October 2006 Edition | Volume 60, Issue 10
Published since 1946
Worth reading
Marley & Me (2005) is about a hunting dog that wasn't. Marley is a male yellow Labrador retriever. Me is John Grogan, a professional and talented scribe...talented enough, that is, to take a standard issue self-indulgent, tragicomical family pet story and turn it into a New York Times bestseller.
Back in an earlier millennium, I wrote a magazine article entitled "Dear Mr. Van Hauen: I Have a Complaint About the Dog You Sold Me." Same theme, but my male yellow Labrador retriever was a hunter and, for the record, the only very best dog that ever roamed and fertilized the planet. The New York Times never batted an eye. So I began my perusal of Marley & Me with a modicum of resentment.
It has all my ingredients?adorable puppy, zany canine antics, habits ranging from naughty to bawdy to borderline felony, unrequited loyalty, yaddada yaddada. Go figure, "loopy" Marley chewed things, dug holes in furniture, dined on garbage and urchin-flung food, and he preferred toilet water to tap water. What a scamp.
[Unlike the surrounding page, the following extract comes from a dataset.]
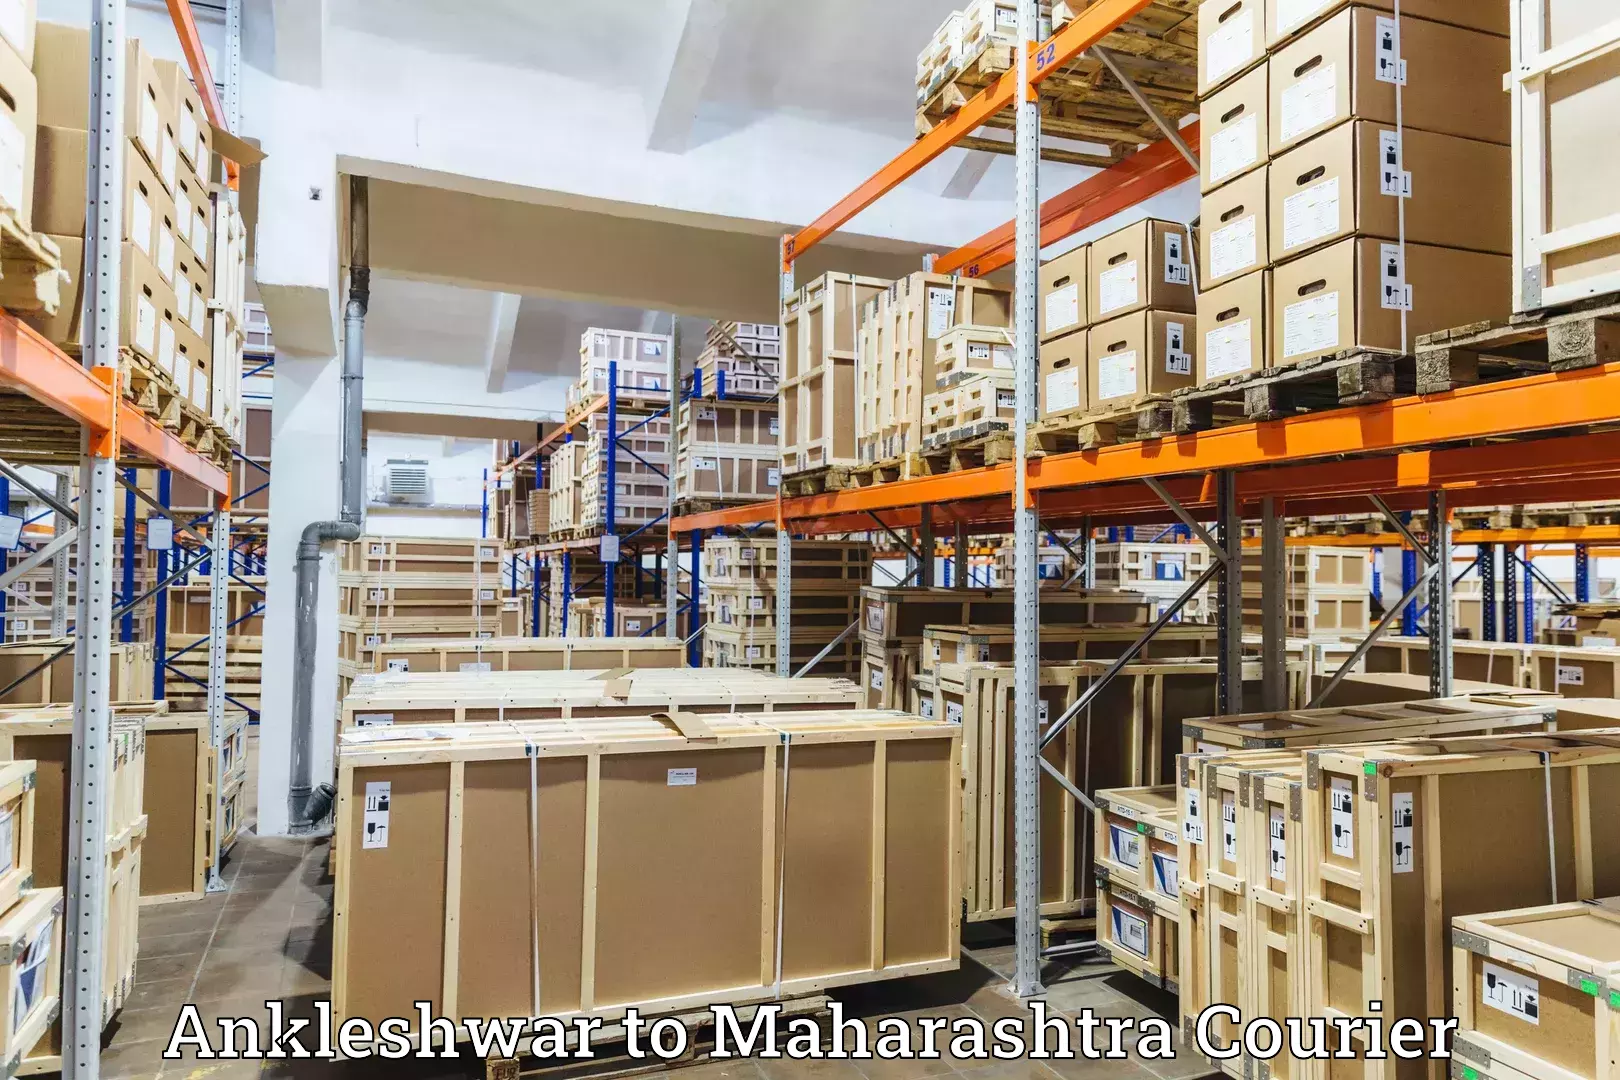 End-to-end delivery Ankleshwar to Mumbai Port

As the book progressed and house pet Marley (named after Rastafarian, wisdomweed disciple and reggae king Bob Marley because it is not against the law for people who own nonhunting hunting dogs to name them any dopey thing they want to) exceeded American Kennel Club standards for size and obedience class standards for attendance (he was banished after two sessions), my resentment ratcheted up a notch. Marley's seldom and barely restrained rambunctiousness cost Me and Mrs. Me a small fortune in vet bills, furniture and house repairs. As I read, I was compelled to scribble marginal notes that amounted to handling advice and admonitions: "Don't talk to the dog in sentences." "Be firm!" "Use a pinch collar!!" "PUT DOWN THE TOILET SEAT IF IT BOTHERS YOU THAT MUCH!!!" By page 130, my invectives were marked literally by increasingly dense and deeply incised exclamation points.
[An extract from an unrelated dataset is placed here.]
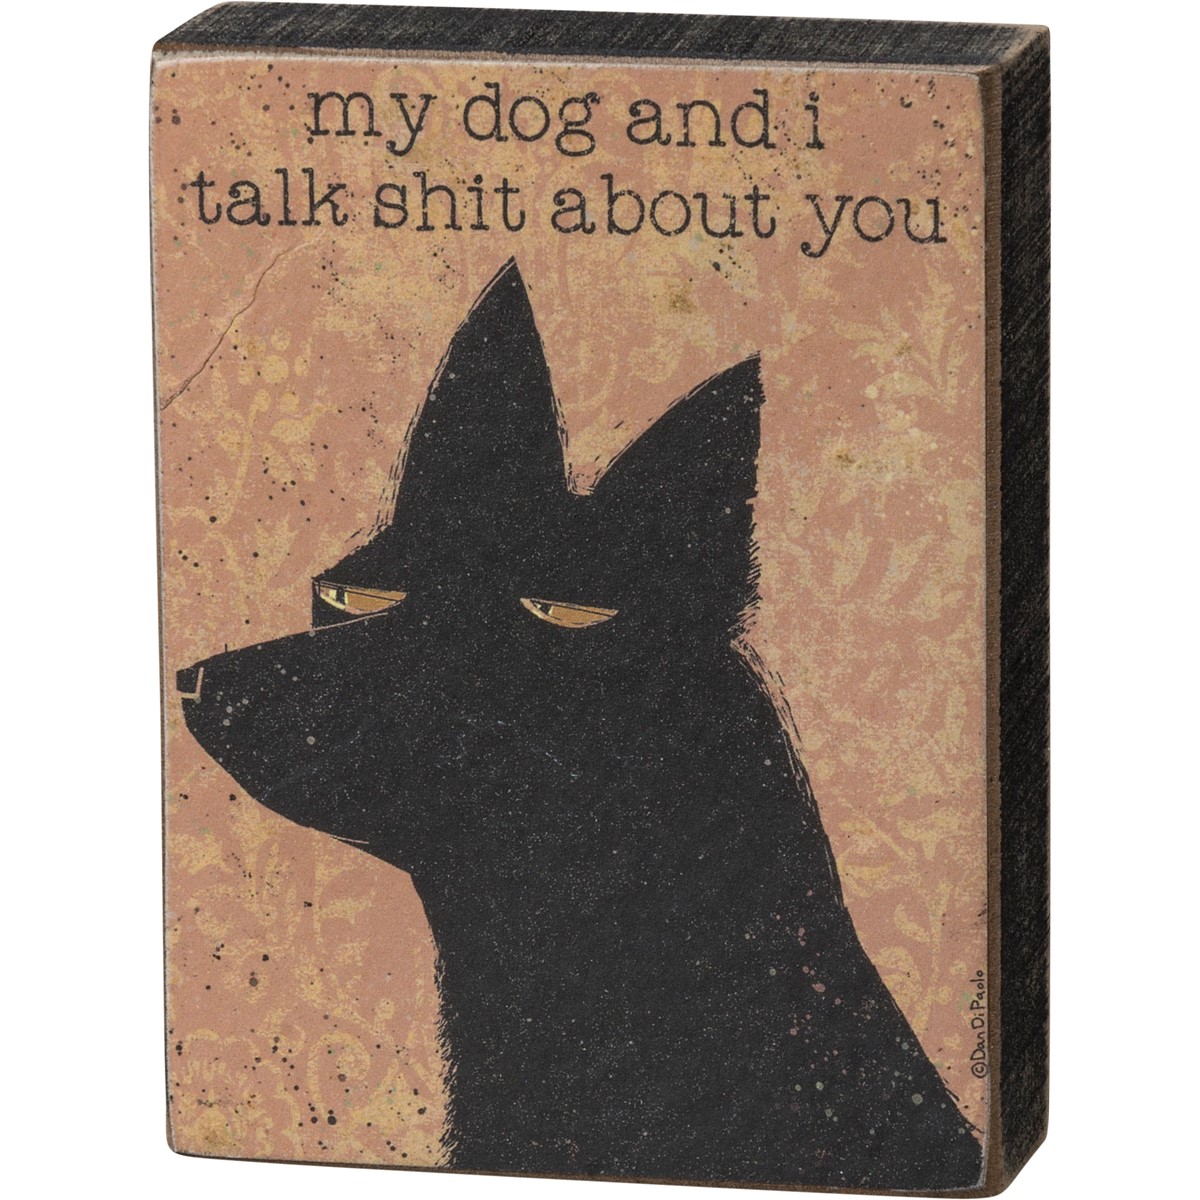 Block Sign - My Dog And I Talk Shit About You - 3" x 4" x 1" - Wood, Paper

Nothing much is told in this best seller that hasn't happened with the countless bazillion other pet dogs that are adopted by na?ve and adoring families. For the first two thirds or so of this 292-page book, reading about young Marley's adventures had a Disney quality to it, despite Me's disingenuous, droll grousing about his "chewer of couches, slasher of screens, slinger of drool, tipper of trash cans."
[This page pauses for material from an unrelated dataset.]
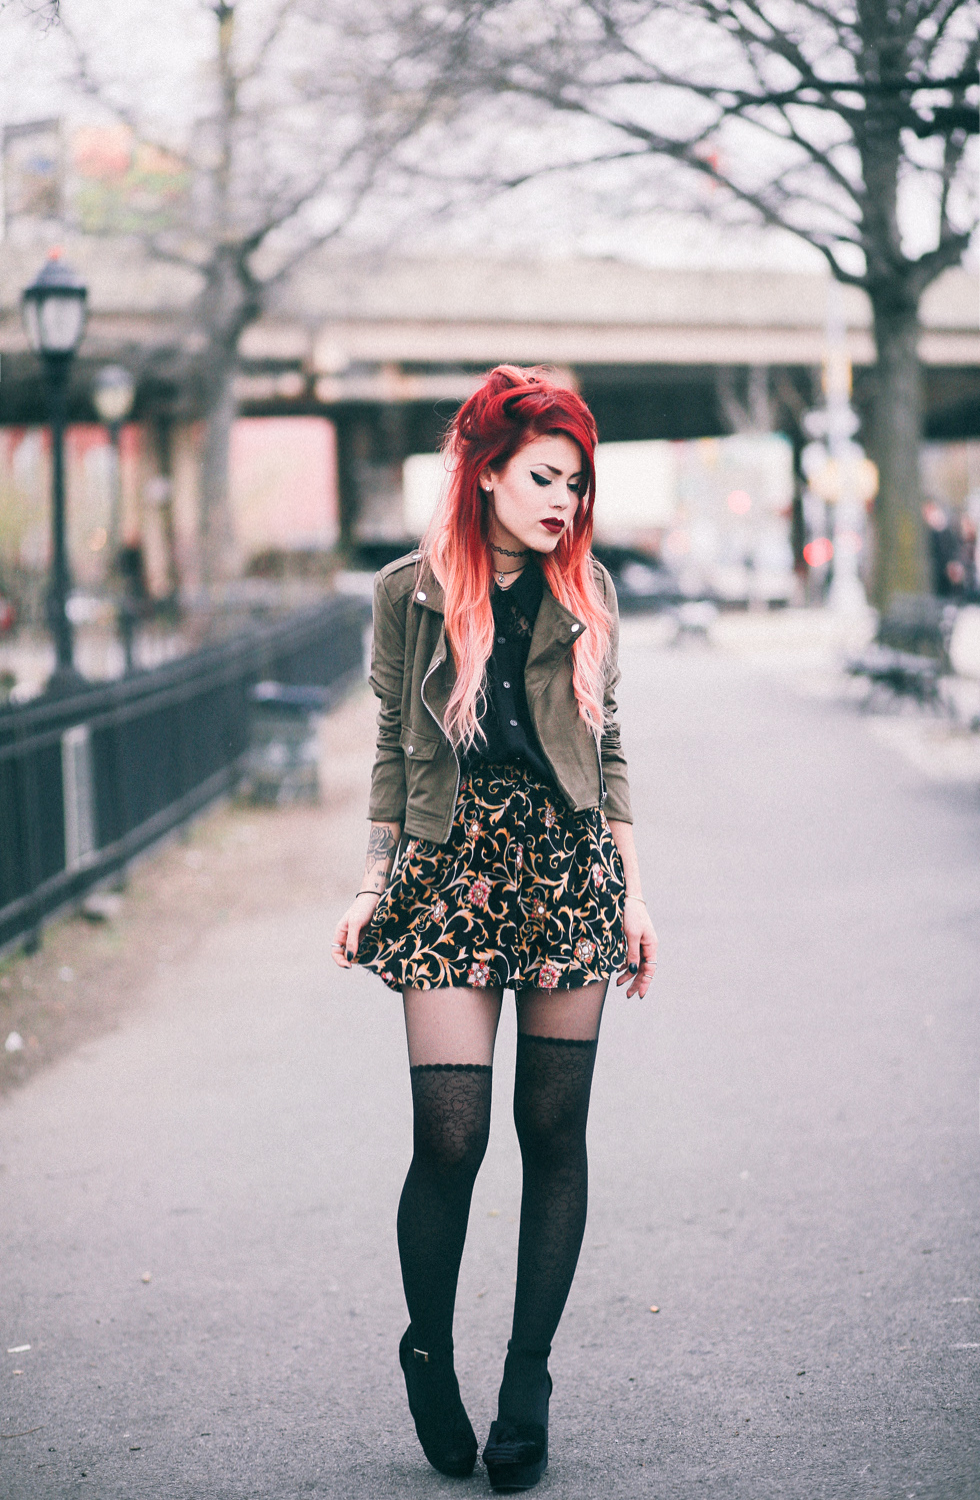 Lua wearing Missguided suede biker jacket and floral mini skirt

Rather than causing urban and household pandemonium, Marley, a lummox of a sporting dog, ought to have been casting over hill and dale and sniffing out surplus game birds or paddling through rough waters to retrieve drifting wigeon or performing other heroic dog stuff. But no. Instead, Me took this perfectly usual, undisciplined Labrador and, by some sneaky, secret journalist thing, drew me into his "life and love with the world's worst dog." I was fully placated by the time Marley was nine and Me reported that his dog "had earned his place in our family. Like a quirky but beloved uncle, he was what he was. He would never be Lassie or Benji or Old Yeller; he would never reach Westminster or even the county fair. We knew that now. We accepted him for the dog he was, and loved him all the more for it."
The last third of the book is entirely predictable. It relates that adoption of and by a gassy, uncouth, unwaveringly cheerful, always forgiving, furry comedian comes with a price tag...it's called dog years. But this part is so superbly written that I forgave Me for not turning Marley into a Master Hunter. And I nearly forgave The New York Times' arbiters of best sellers for their earlier millennium oversight.
Published by William Morrow, an imprint of HarperCollins, Marley & Me retails for $21.95. It is easy to find and a wonderful read.